Personal information
- Born: 6 December 2000 (age 25) Thisted, Denmark
- Nationality: Danish
- Height: 1.96 m (6 ft 5 in)
- Playing position: Right back

Club information
- Current club: Aalborg Håndbold
- Number: 14

Youth career
- Years: Team
- 0000–2016: Thisted IK / Thy Håndbold
- 2016–2017: Ikast Håndbold
- 2017–2020: HF Mors

Senior clubs
- Years: Team
- 2019–2022: Mors-Thy Håndbold
- 2022–: Aalborg Håndbold

National team ^{1}
- Years: Team / Apps / (Gls)
- 2021–: Denmark / 21 / (47)

Medal record
World Championship
| Gold medal – first place | 2023 Poland/Sweden |  |
European Championship
| Gold medal – first place | 2026 Denmark/Norway/Sweden |  |
Youth European Championship
| Bronze medal – third place | 2018 Croatia |  |

= Mads Hoxer Hangaard =

Danish handball player (born 2000)

Mads Hoxer Hangaard (born 6 December 2000) is a Danish handball player for Aalborg Håndbold and the Danish national team.

==Career==
Hoxer started playing handball at the age of 5. He participated in the 2018 European Men's U-18 Handball Championship and won a bronze medal. He also participated in the 2019 Men's Youth World Handball Championship, once again winning a bronze medal with Denmark.

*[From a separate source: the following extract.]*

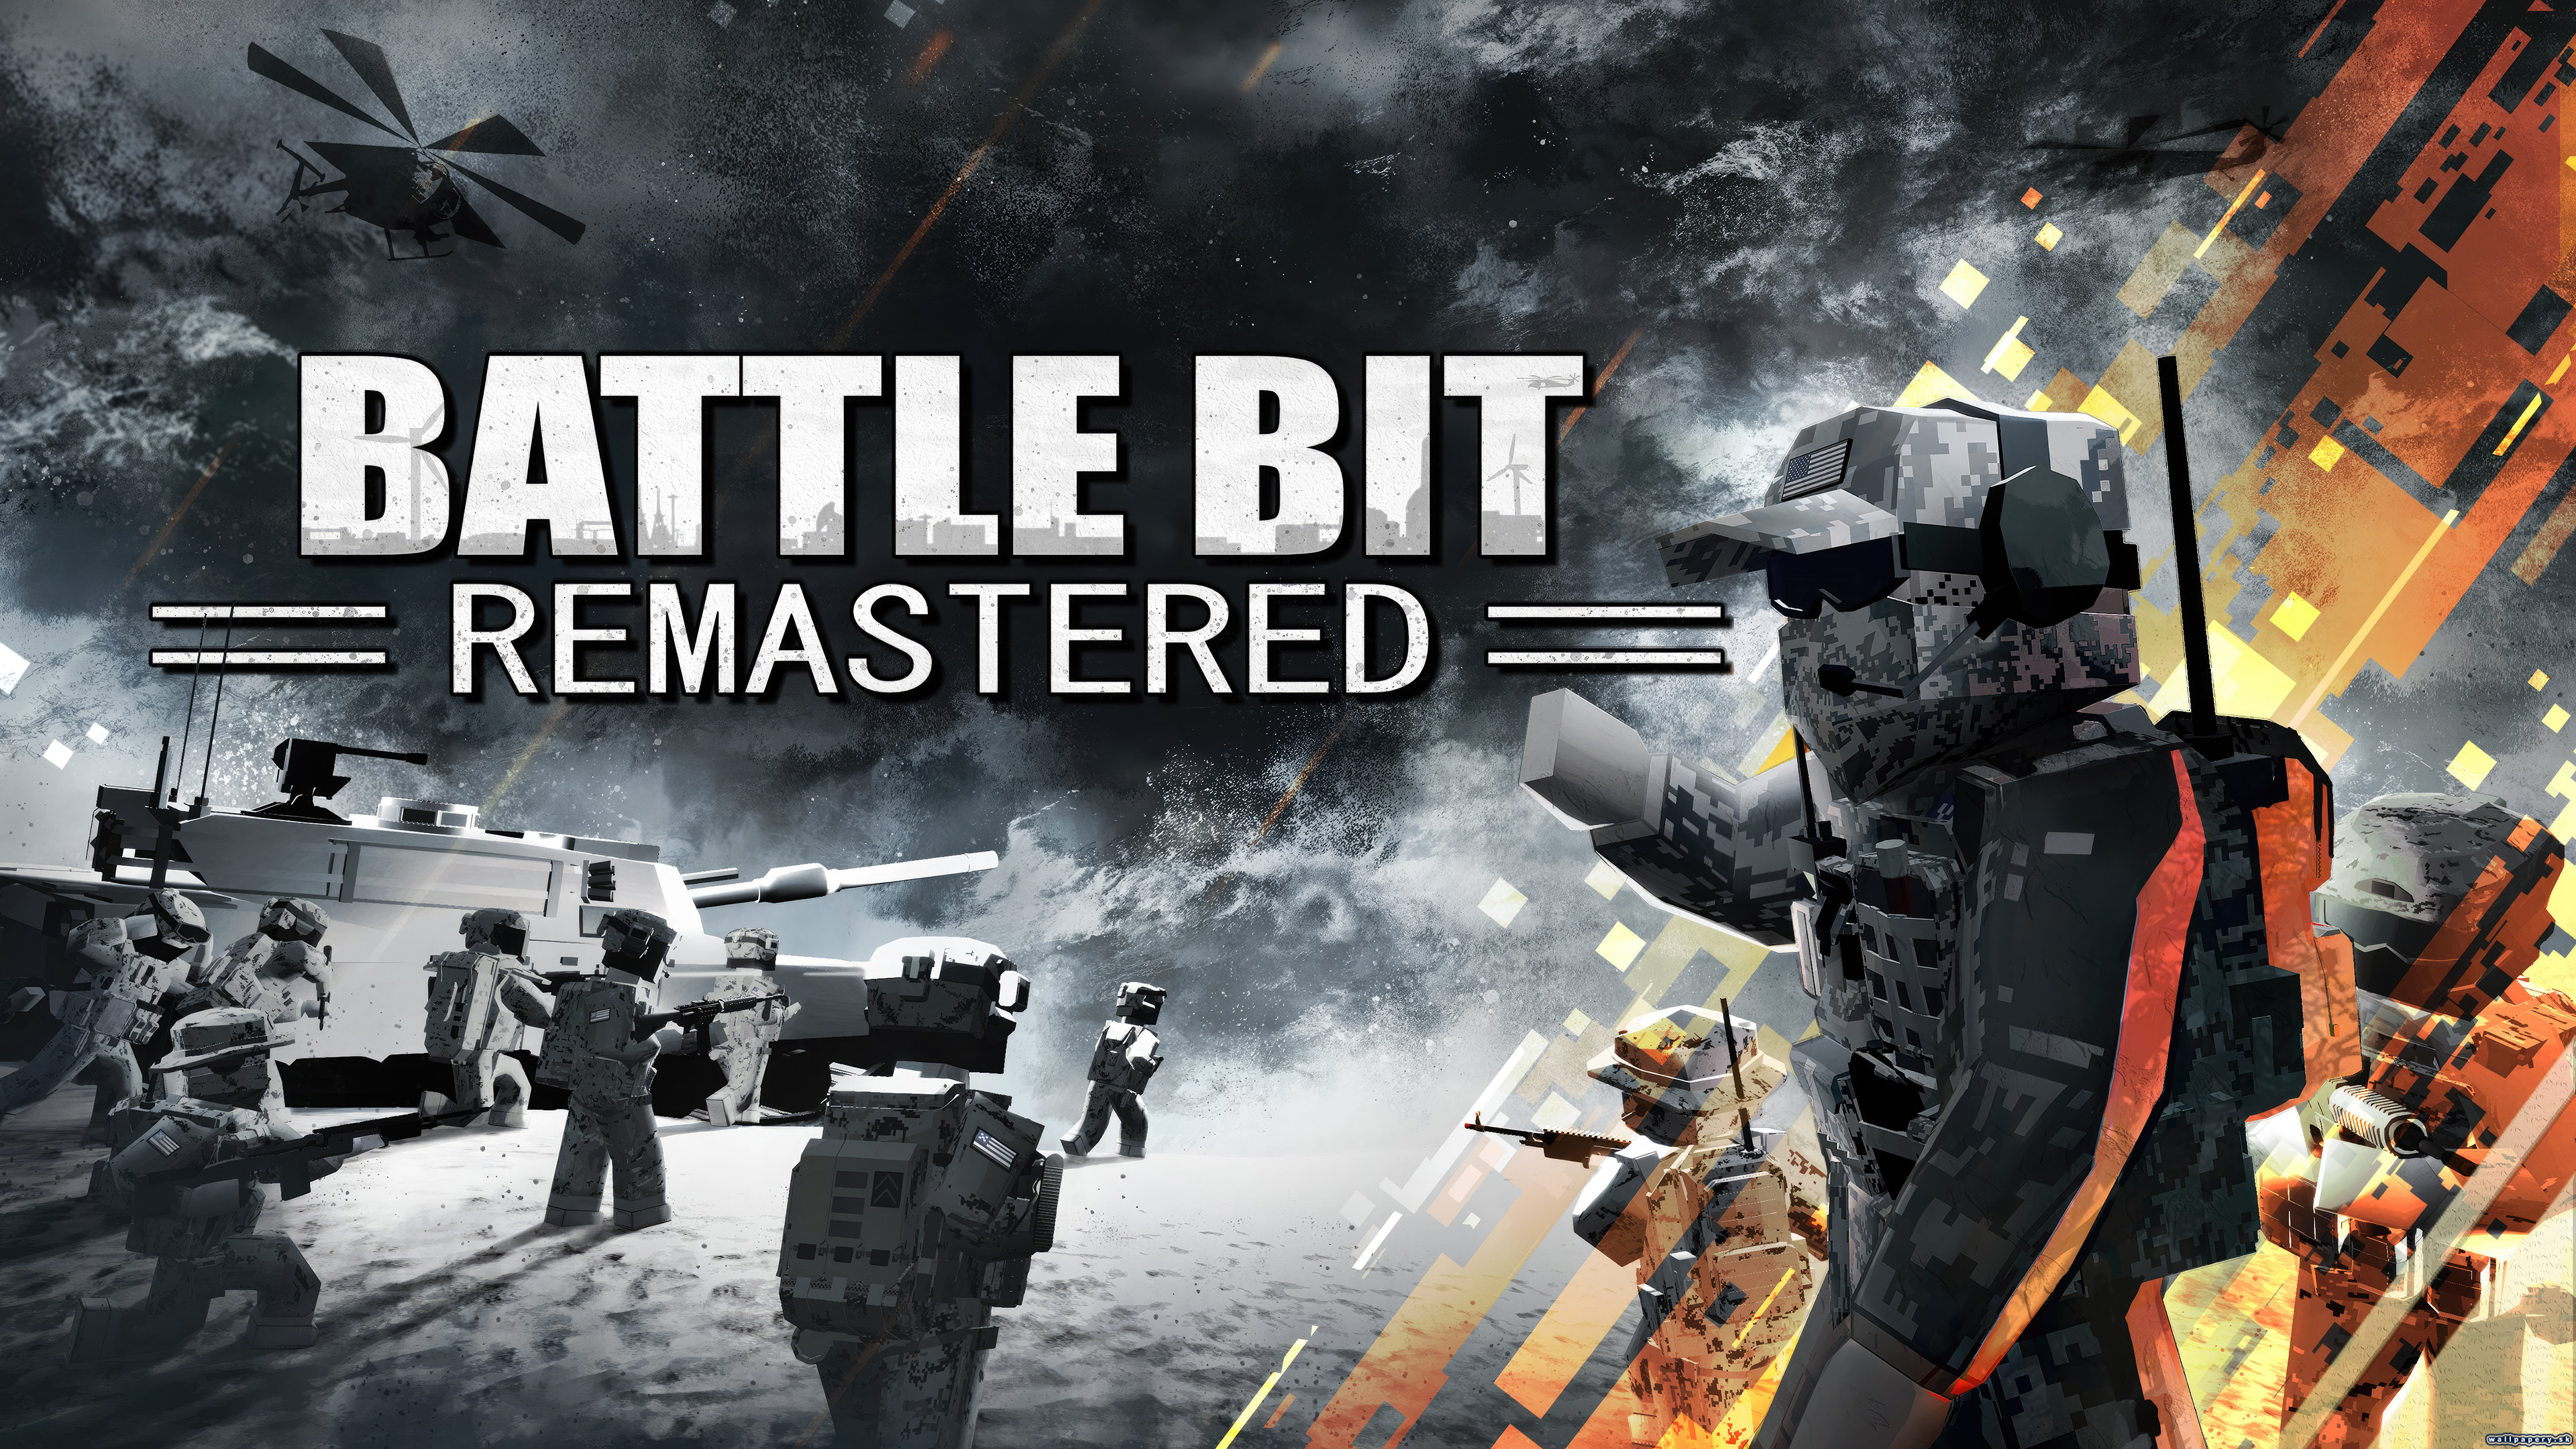 BattleBit Remastered - wallpaper 1

With Mors-Thy Håndbold he won the 2020 Danish Men's Handball Cup, and was chosen as the MVP of the final four event. This was the first time ever that Mors-Thy won a top-level trophy.

He debuted for the Danish national team on 2 May 2021 in a European Championship qualification match against Finland.

In the summer of 2022 he joined Danish top club Aalborg Håndbold on a contract until 2025, and only 1 month later they extended his contract with one further year.

He was part of the initial roster for the 2024 Olympics but had to withdraw due to injury.
In 2025, he won the Danish Cup for a second time, this time with Aalborg Håndbold, beating Bjerringbro-Silkeborg in the final. Later the same season, he won the Danish championship.

In November 2025 he extended his contract at Aalborg until 2030 despite interest from other clubs.

At the 2026 European Men's Handball Championship he won gold medals, meaning that Denmark held both the World, European and Olympic titles at the same time, as only the second team ever after France's 'Les Experts'.

==Private life==
His father, Flemming Hangaard, is a coach at Mors-Thy Håndbold's B-team. His sister, Ida, is also a handball player.